* **Collected data**:
▬▬▬▬▬▬▬▬▬▬
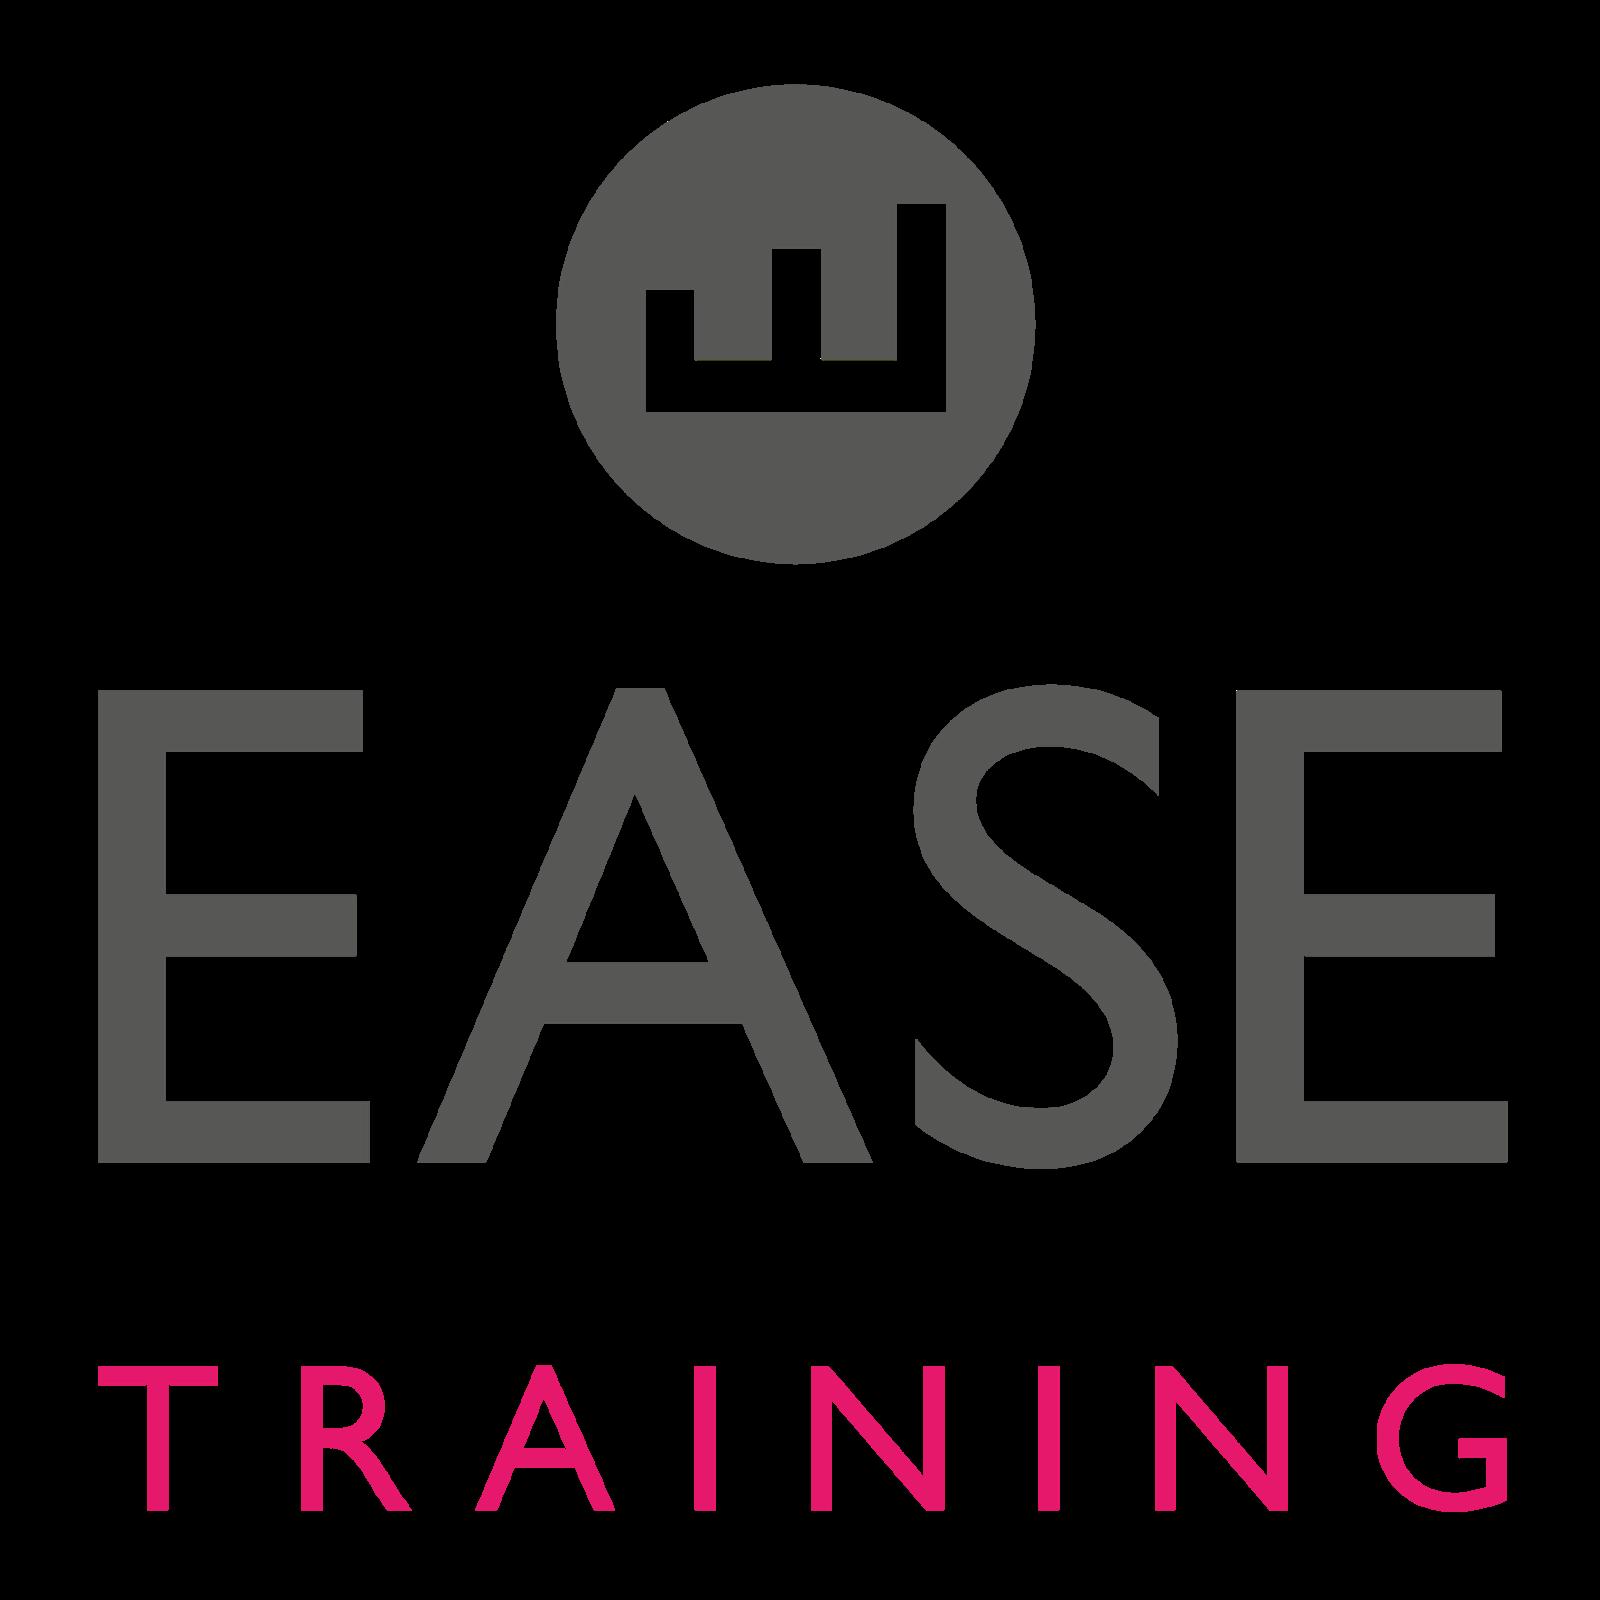 Ease Training
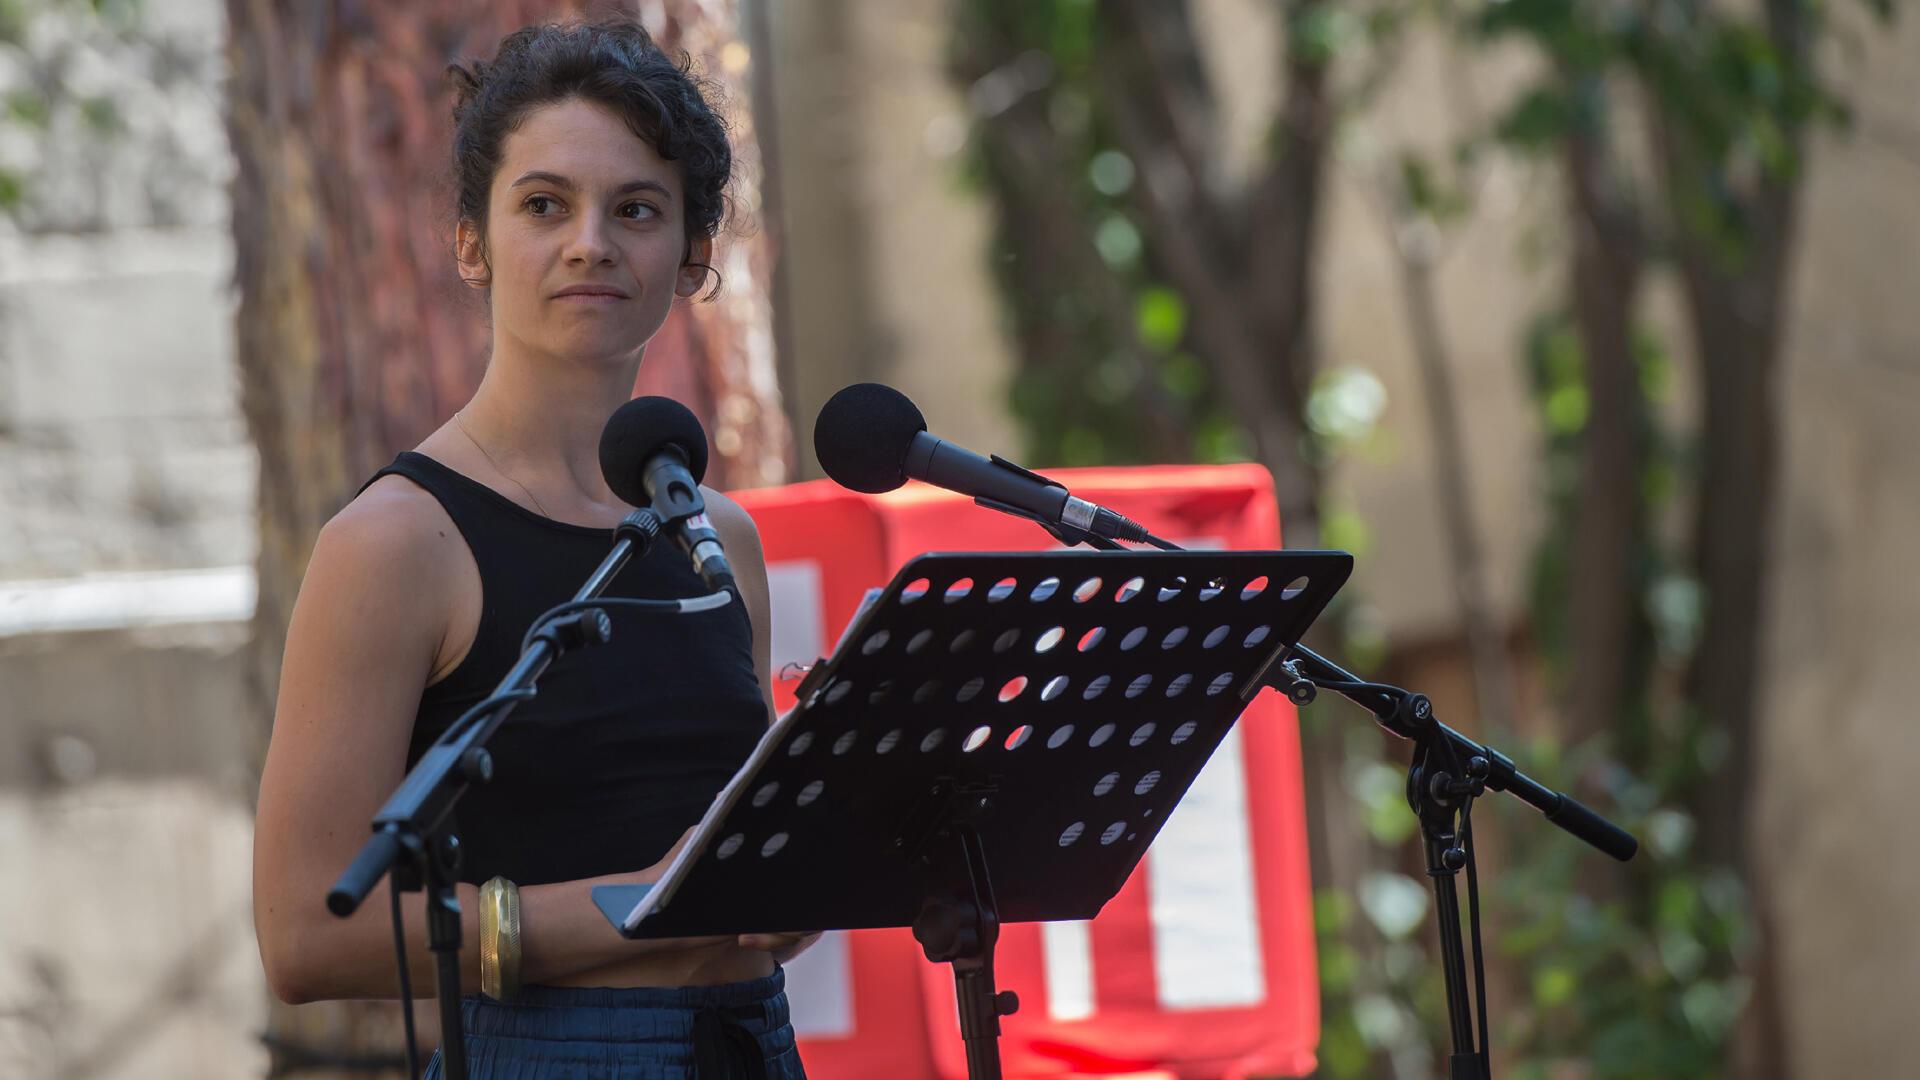 CELLE QUI REGARDE LE MONDE, d'Alexandra Badea. Ça va, ça va le monde! Festival d'Avignon 2019.
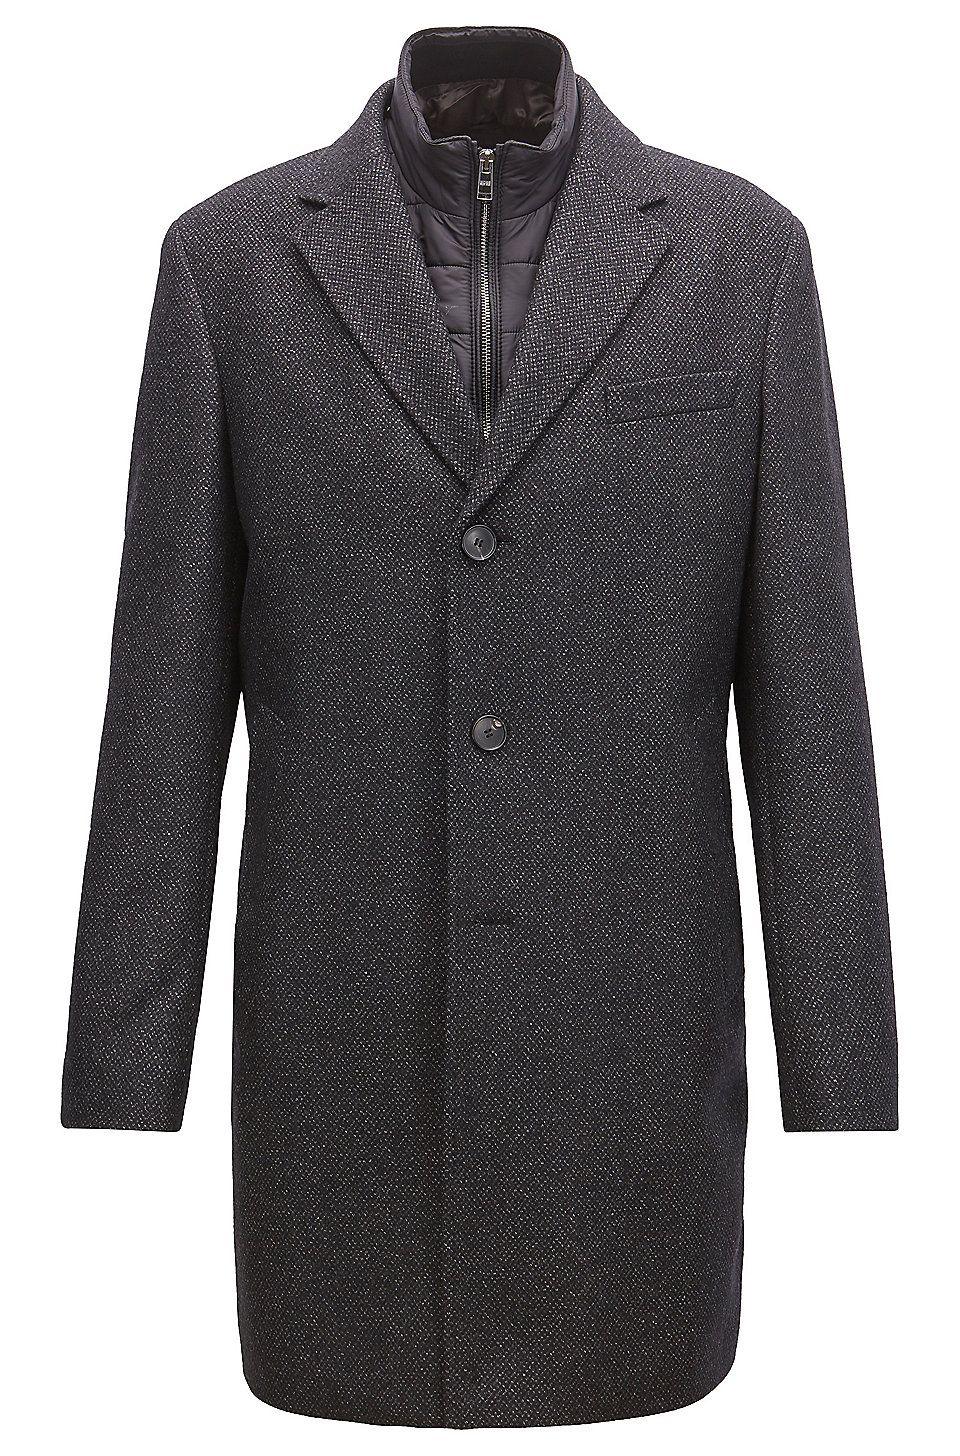 Hugo Boss Slim Fit Wool Blend Coat With Detachable Inner Bib Dark Grey Formal Coats From Boss For Men In The Official Hu Wool Blend Coat Slim Fit Formal Coat [ 1456 x 960 Pixel ]
▬▬▬▬▬▬▬▬▬▬
* **Work required**: Repeat word for word only the lines from the line holding "CELLE QUI REGARDE" to the final line of the material, both included. Don't carry over any picture.

* **Output below**:
 CELLE QUI REGARDE LE MONDE, d'Alexandra Badea. Ça va, ça va le monde! Festival d'Avignon 2019.
 Hugo Boss Slim Fit Wool Blend Coat With Detachable Inner Bib Dark Grey Formal Coats From Boss For Men In The Official Hu Wool Blend Coat Slim Fit Formal Coat [ 1456 x 960 Pixel ]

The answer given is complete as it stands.